Let me preface this by saying that I was saddened by Paul Walker’s passing, more than a little conflicted at the tragic irony of the manner of his death, and that I haven’t really been following the whole Fast, Furious, and Franchised story.
This means that despite the over-the-top action and comic book physics of Furious 7, things that should aim it straight at me, I’m only a peripheral member of the film’s target audience.

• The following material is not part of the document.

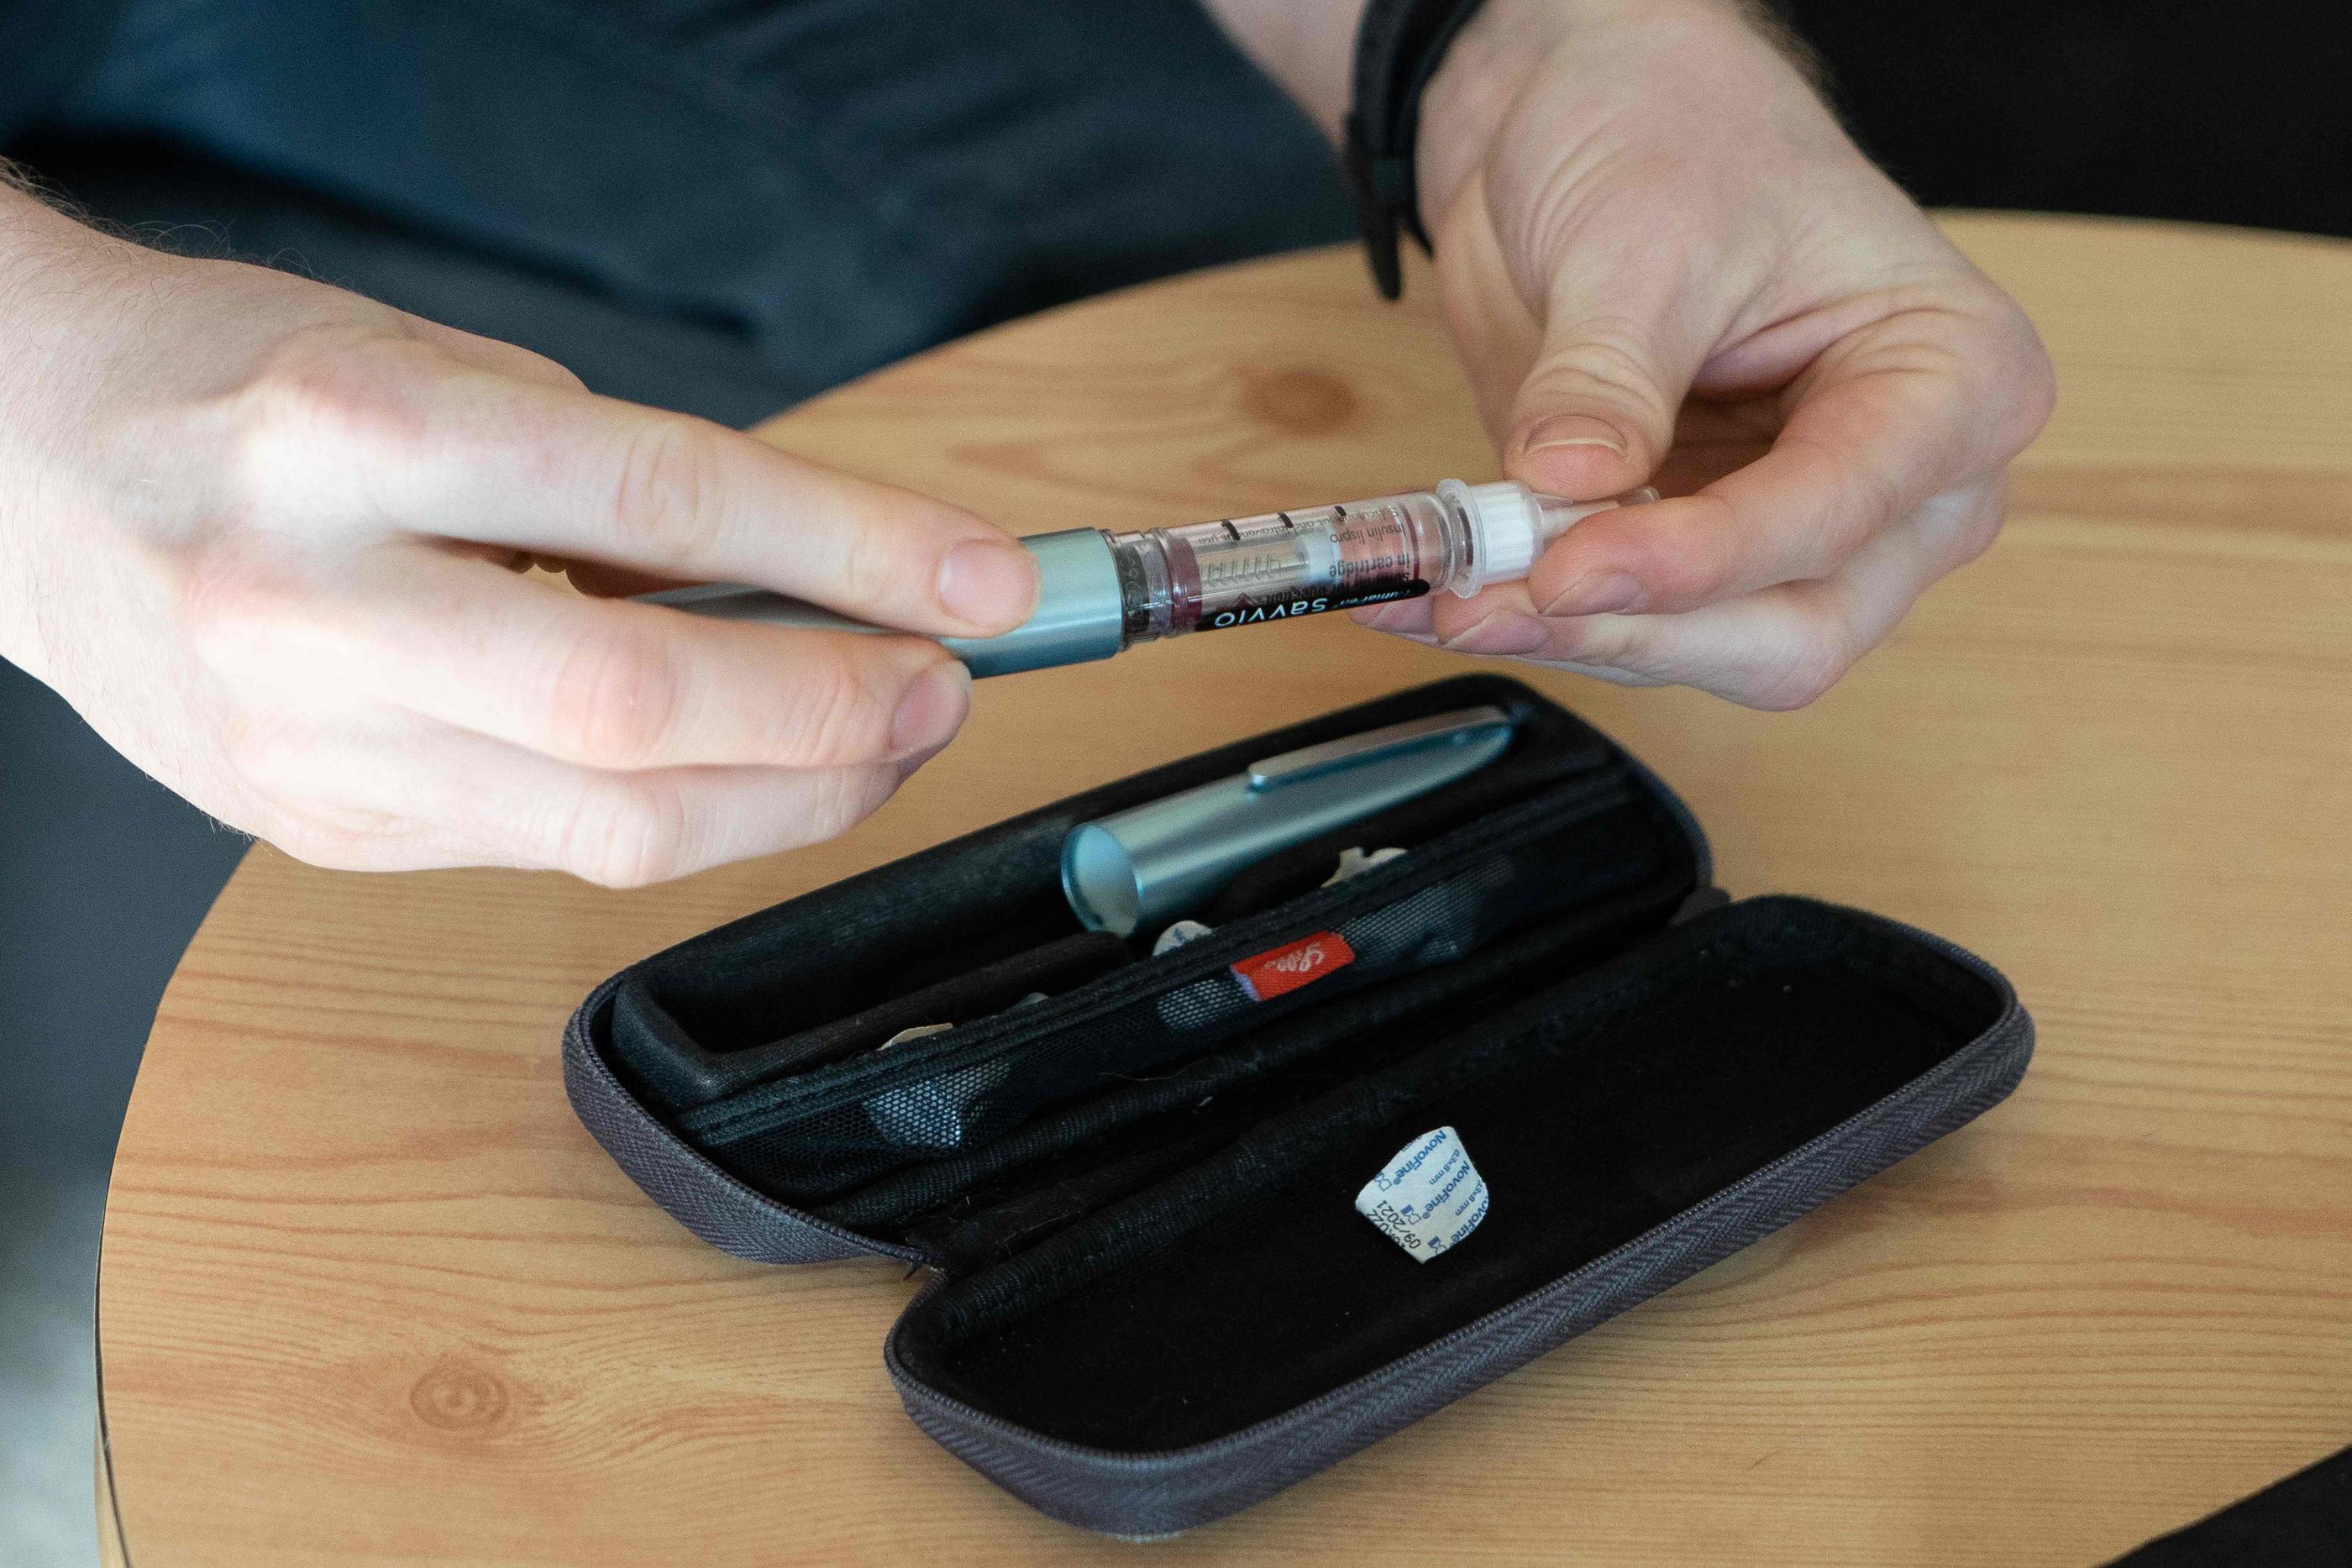 Médecins sans frontières demande notamment la baisse du prix des stylos à insuline. (Illustration) AFP/Halle'n

With that out of the way: Ugh.
Furious 7 spent far too much time wallowing in manufactured drama that it did not bother to earn. The film seemed to assume that I had been passionately tracking the various F&F character arcs, and was eager to be dropped straight into the kind of moist-eyed, conflicted navel-gazing that most films take an act and a half to set up.
My viewing experience can be summed up as follows.
- They are talking a LOT. I’ll try to care.
- Nope. Caring isn’t going to work for me. GET BACK IN THE CARS.
- Yay cars! And fighting! Why is there shaky cam? I can’t see what’s going on!
- Go to 1.
This went on for two hours and ten minutes, followed by a weird meander into a tribute to Paul Walker which, had it been any more thinly veiled would have been a documentary. And then the credits rolled, and 140 minutes felt far too long for what was basically a set-piece superhero-heist where all of the super powers are indistinguishable flavors of “make cars do absurd things” and “walk away from a rollover that any highway patrolman can tell you is not survivable.”
I’m glad that Paul Walker’s friends got to turn the end of the movie into a farewell, because that’s a nice thing, and I believe more people should be nice, but it felt like it belonged at the end of a different movie.
Furious 7 committed a couple of unforgivable sins: It jumbled up Jason Statham’s fight scenes with jitter-cam, and then did the same thing to Rhonda Rousey’s fight. These are both top-notch physical performers, and their appearances were squandered. That’s sin #1 (though it should count as two.) Sin #2 is that the film took itself very seriously while still expecting me to believe in parachuting cars that can hit a remote mountain highway.
The good news is that I finally have a 2015 film that drops below my threshold of disappointment, providing the beginnings of symmetry to this year’s list.